Task directions -
Go to the line holding "warrior centric health logo" in the data below and repeat it exactly, then each line after it up to and including the one holding "b2b companies losangeles 2019". Omit pictures.

Source data -

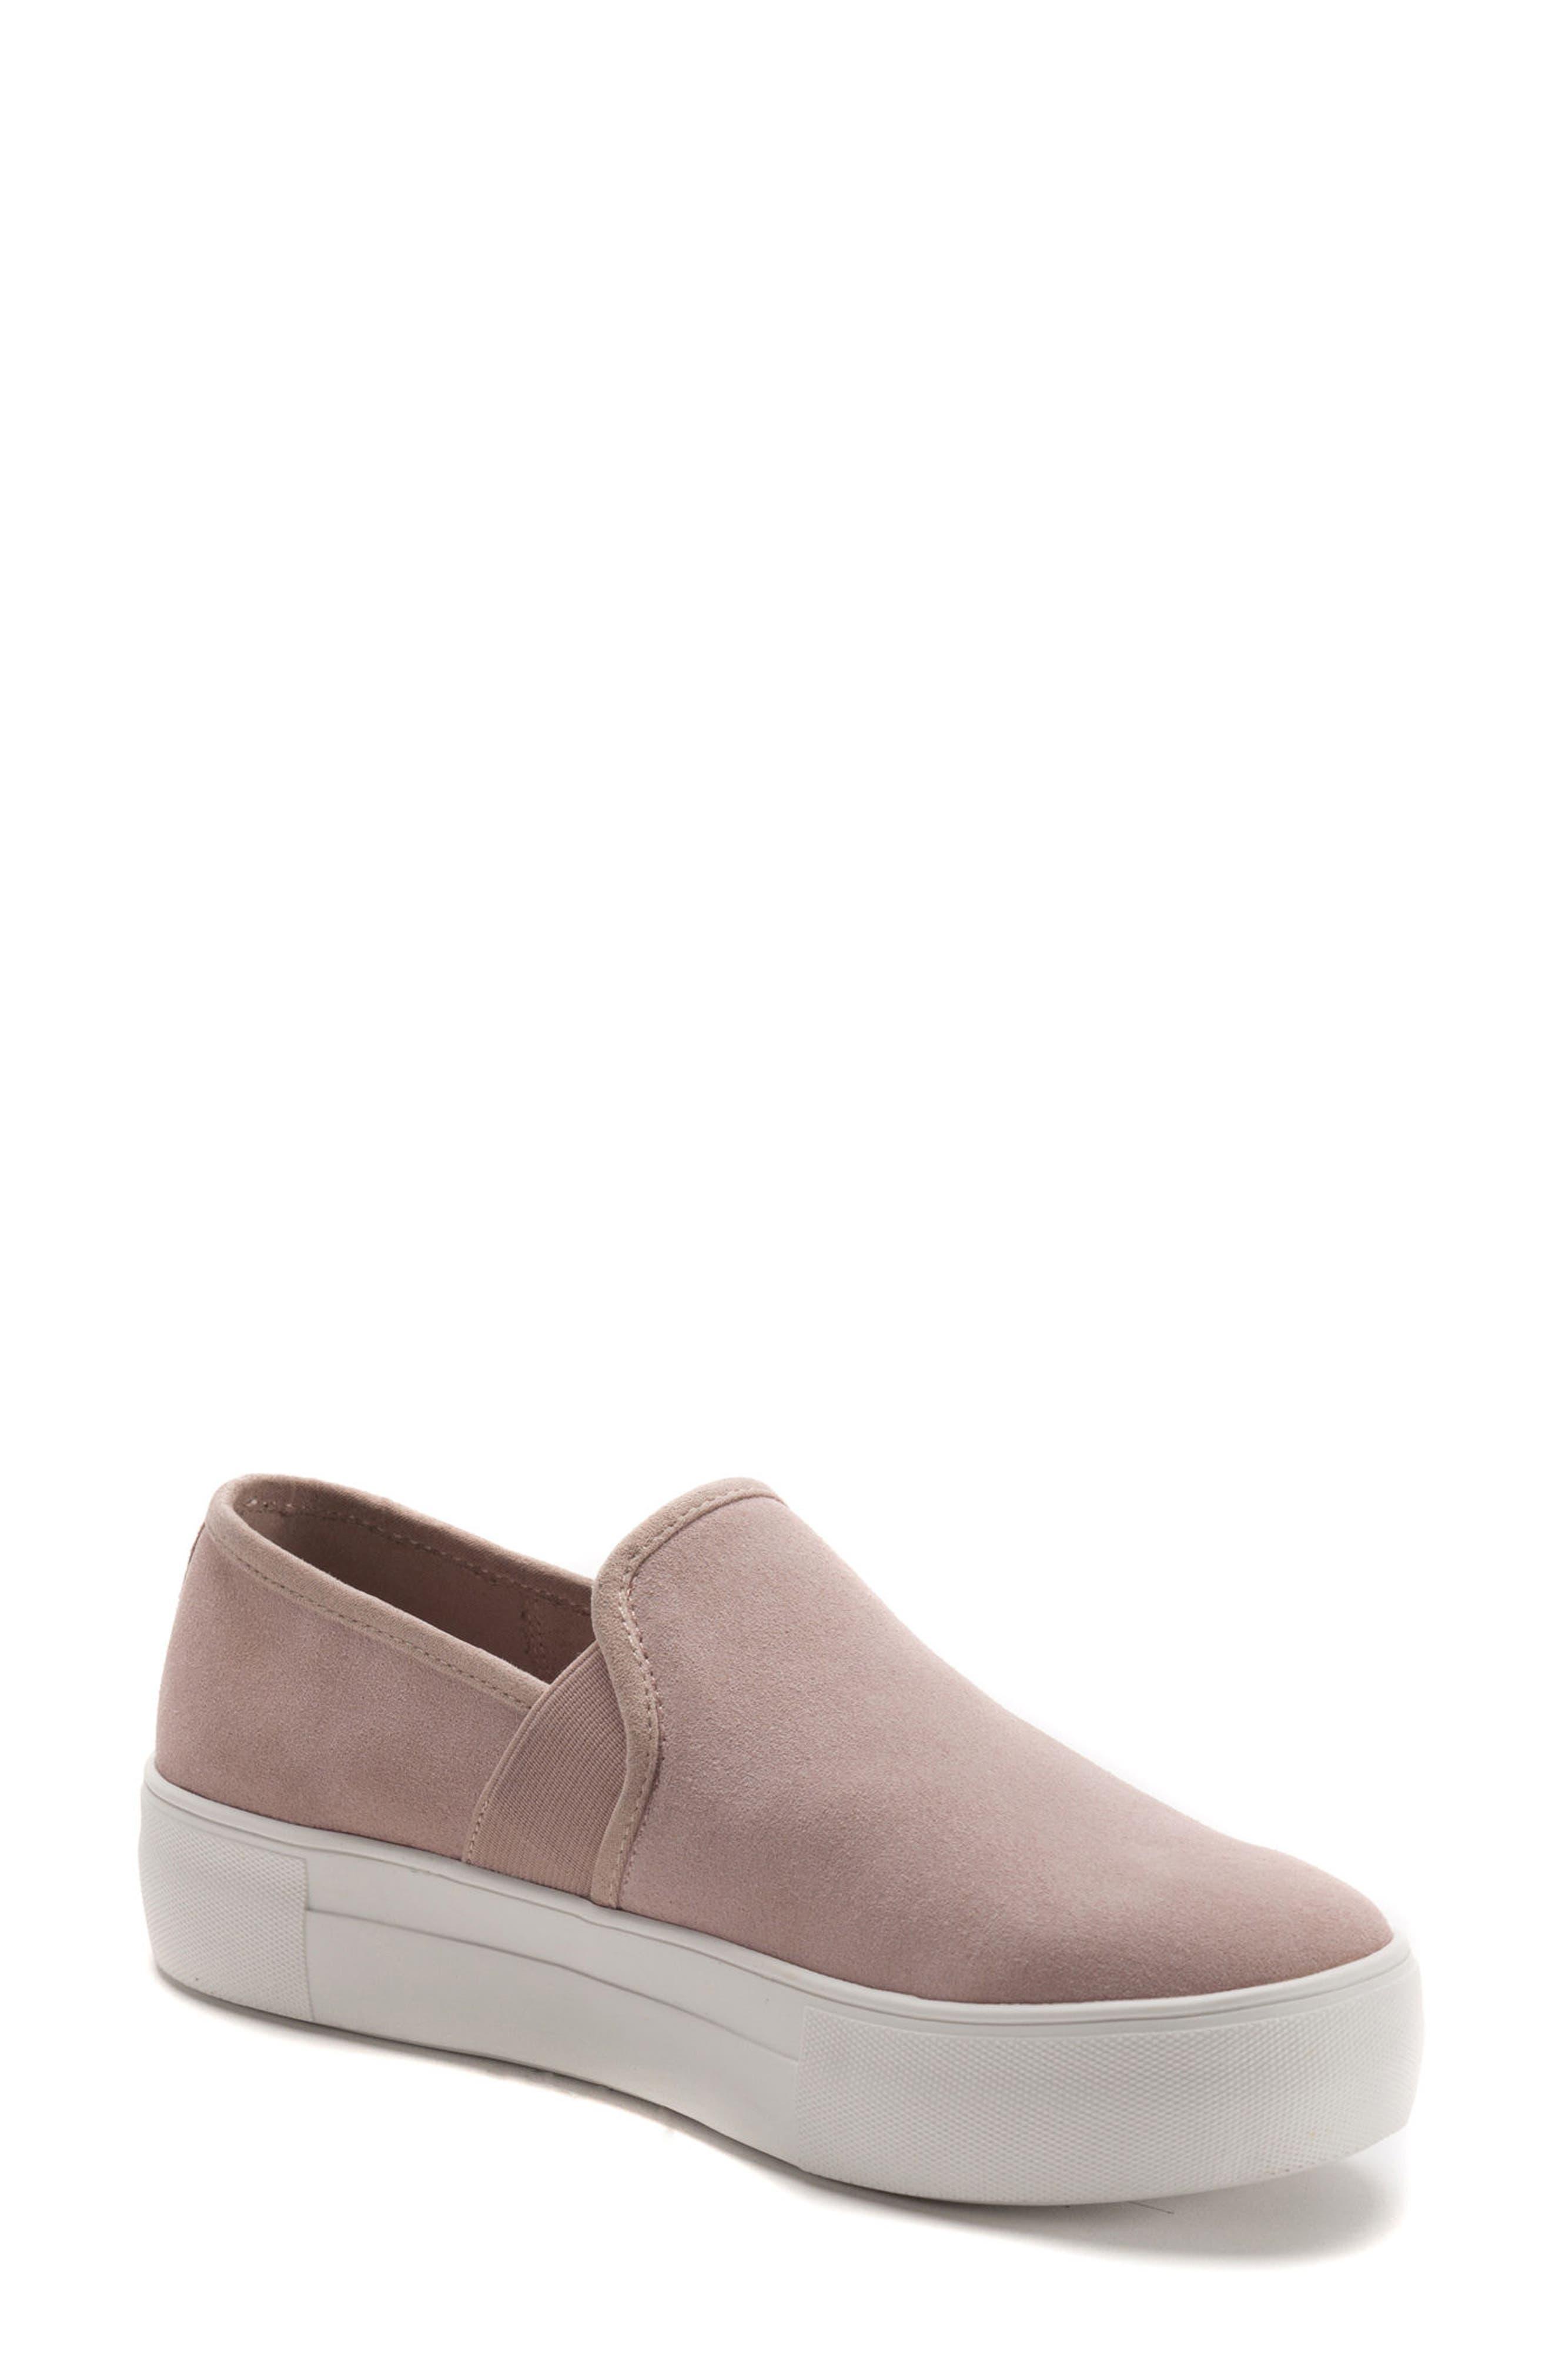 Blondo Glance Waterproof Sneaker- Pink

...

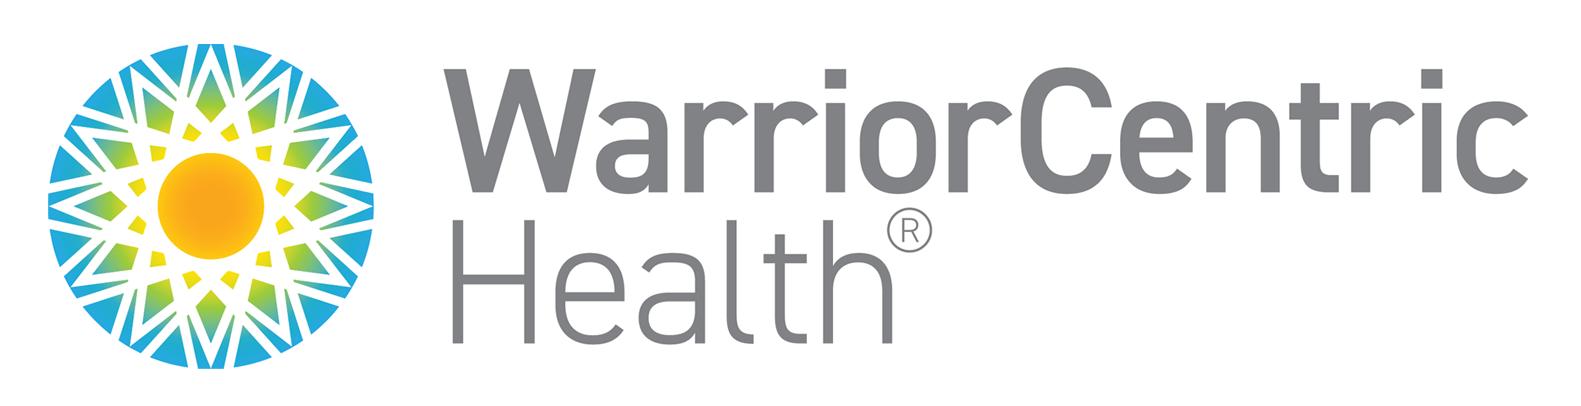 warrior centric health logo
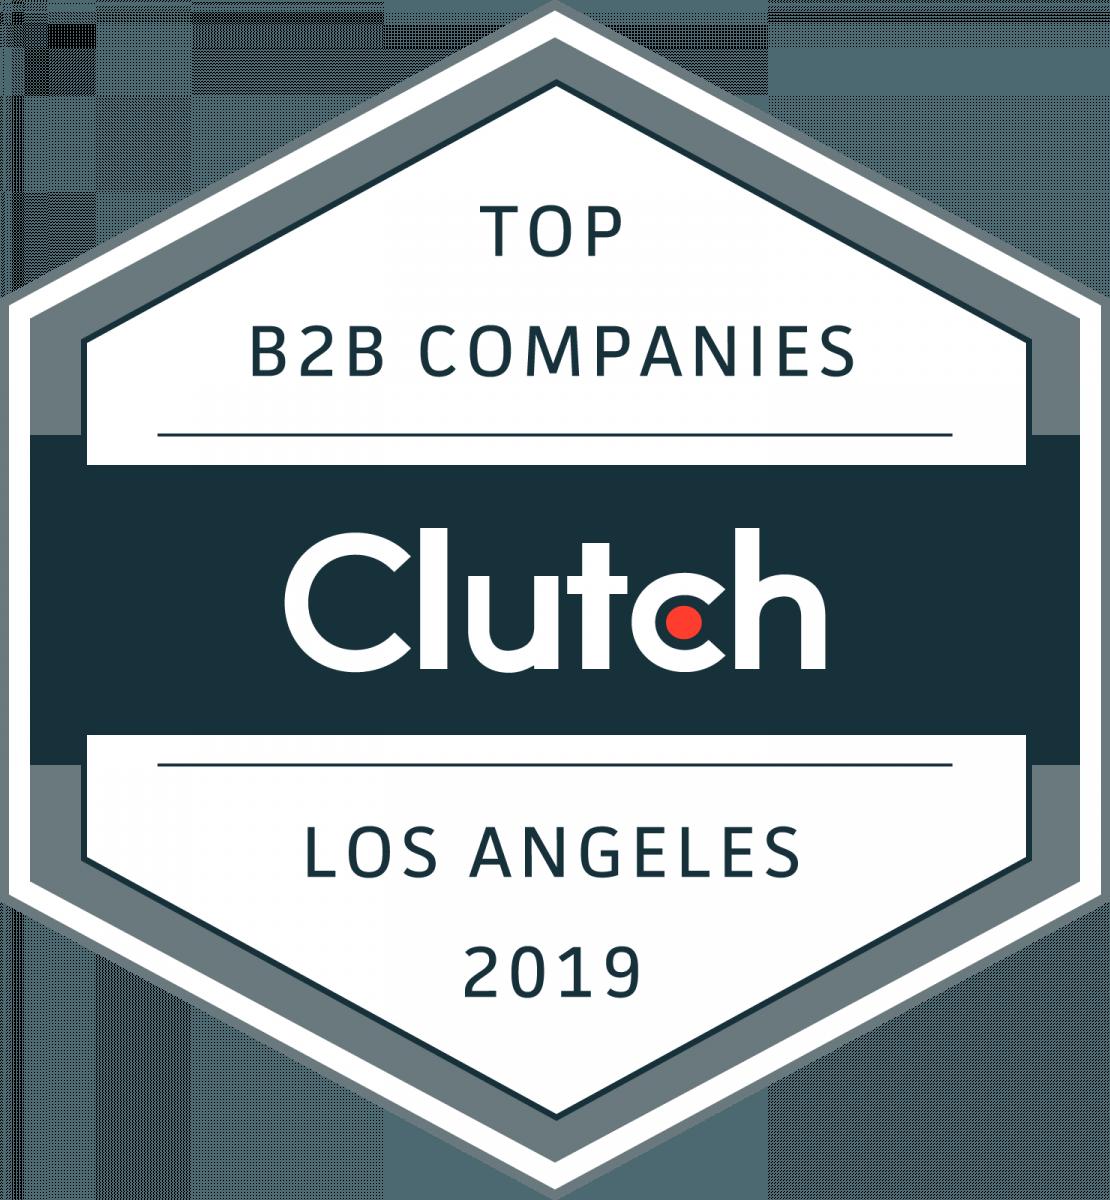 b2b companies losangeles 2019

==

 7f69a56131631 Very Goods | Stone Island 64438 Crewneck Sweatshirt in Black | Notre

Reply -
 warrior centric health logo
 b2b companies losangeles 2019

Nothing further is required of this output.